Maria Michta fought it out with the best women walkers on earth Saturday and did a heck of a job.

Her PR 1:32:27 walk was good for 29th place in a starting field of 61 and her 10K midway split of 46:02 was a PR, too.

As the announcing team kept reminding, the event was staged in “the most majestic setting in the history of this sport.”

The route was a 2K loop (designed, engineered and fine-tuned by Port Washington’s David Katz) on The Mall in Green Park, with each loop taking a twist around the Queen Victoria statue just beyond the gates of Buckingham Palace, here the changing of the guard is one of the world’s most renowned tourist sites.

At least 10,000 Olympic fans cheered them on.

Michta showed remarkable consistency in hot, sunny conditions, reeling off her 10 laps in 9:17, 9:10, 9:04, 9:11, 9:12, 9:12, 9:20, 9:26, 9:25 and speeding home in a 9:02.

She was totally delighted by it all.

“I walked the fastest 20K of my life in the biggest race of my life.”

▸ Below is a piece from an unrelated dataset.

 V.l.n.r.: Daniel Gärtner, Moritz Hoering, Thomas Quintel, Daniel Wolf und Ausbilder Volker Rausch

Having a big rooting section here “across the pond” was a big morale-booster, too. “I had my whole family here,” she said. “ My mom, my dad, my sister, my brother, my fiancé, his sister and his parents.”

Many of the walkers who finished ahead of her are full-time athletes, fully supported by their national federations or the corporate-sponsor clubs who put big stock In walking medals — which obviously weigh as heavily as any others in the final counts.

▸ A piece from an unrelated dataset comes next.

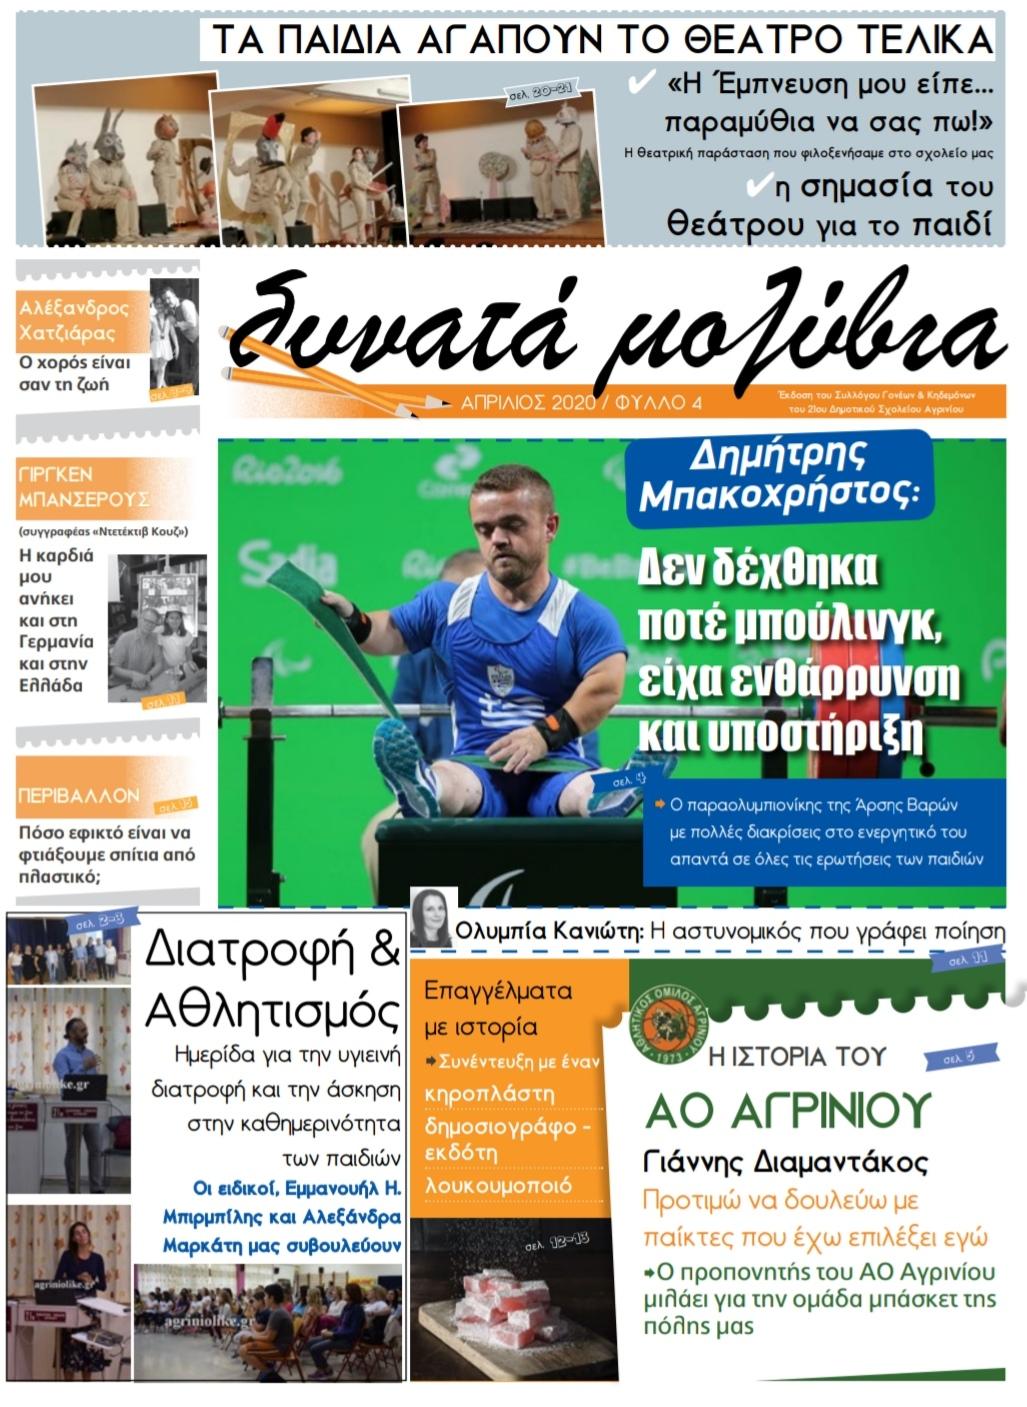 Mε ενδιαφέροντα θέματα το 4ο φύλλο της εφημερίδας του 21ου Δημοτικού Σχολείου Αγρινίου

And she was ahead of many who are full-time athletes, too.

Soon, Maria Michta will go back to being a full-time microbiologist with the satisfaction of knowing she can compete with the planet’s best. OK, not beat people like Elena Lashmanova, Olga Kaniskina and Shenjie Qieyang. But, yes, compete with them.

Up front, the medals went to Russians Lashmanova (in the world and Olympic record time of 1:25:02) and Kaniskina (1:25:09) and China’s Qieyang (1:25:16).

This looked like a walkaway for much of the 20K distance, with Kaniskina, the defending Olympic champion intent on becoming the first-ever Olympic 20K repeater, building what seemed to be an ever-widening lead.

But, lo and behold, the 27-year-old Kaniskina began wilting some and the 20-year-old, baby-faced Lashmanova began coming on like a Russian version of Gangbusters.

With an 8:07 last lap, the 20-year-old blazed up “the golden carpet” placed in the middle of the road as the direct path to the finish line and claimed the gold by exactly seven seconds.

Maria Michta was 28 places and 7:25 down the roadway when Lashmanova crossed the line.

“This is  difficult for me to deal with,” said Kaniskina, the deposed titlist.

“I would never imagined something like this,” said Lashmanova, the great young champion.

“I had a dream race,” Maria Michta reminded us all.

Perspective, of course is everything. In life and in the Olympic Games.